== Exercise directions ==
Could you return the whole listing, character for character?
[[ Data for processing open ]]
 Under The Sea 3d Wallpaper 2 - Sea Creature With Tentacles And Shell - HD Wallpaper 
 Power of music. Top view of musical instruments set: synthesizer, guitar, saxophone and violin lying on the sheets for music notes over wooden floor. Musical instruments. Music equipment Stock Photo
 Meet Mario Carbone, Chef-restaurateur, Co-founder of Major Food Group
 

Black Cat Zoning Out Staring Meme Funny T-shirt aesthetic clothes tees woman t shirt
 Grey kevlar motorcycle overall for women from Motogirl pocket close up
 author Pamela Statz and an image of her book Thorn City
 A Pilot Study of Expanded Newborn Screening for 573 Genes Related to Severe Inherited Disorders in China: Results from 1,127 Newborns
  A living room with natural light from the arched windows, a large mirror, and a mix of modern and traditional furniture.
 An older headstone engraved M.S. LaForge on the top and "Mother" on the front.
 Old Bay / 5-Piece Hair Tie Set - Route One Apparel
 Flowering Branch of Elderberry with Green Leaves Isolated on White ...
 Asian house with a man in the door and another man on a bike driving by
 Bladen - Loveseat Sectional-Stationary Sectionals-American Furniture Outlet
[[ Data for processing closed ]]
== Written response ==
 Under The Sea 3d Wallpaper 2 - Sea Creature With Tentacles And Shell - HD Wallpaper 
 Power of music. Top view of musical instruments set: synthesizer, guitar, saxophone and violin lying on the sheets for music notes over wooden floor. Musical instruments. Music equipment Stock Photo
 Meet Mario Carbone, Chef-restaurateur, Co-founder of Major Food Group
 

Black Cat Zoning Out Staring Meme Funny T-shirt aesthetic clothes tees woman t shirt
 Grey kevlar motorcycle overall for women from Motogirl pocket close up
 author Pamela Statz and an image of her book Thorn City
 A Pilot Study of Expanded Newborn Screening for 573 Genes Related to Severe Inherited Disorders in China: Results from 1,127 Newborns
  A living room with natural light from the arched windows, a large mirror, and a mix of modern and traditional furniture.
 An older headstone engraved M.S. LaForge on the top and "Mother" on the front.
 Old Bay / 5-Piece Hair Tie Set - Route One Apparel
 Flowering Branch of Elderberry with Green Leaves Isolated on White ...
 Asian house with a man in the door and another man on a bike driving by
 Bladen - Loveseat Sectional-Stationary Sectionals-American Furniture Outlet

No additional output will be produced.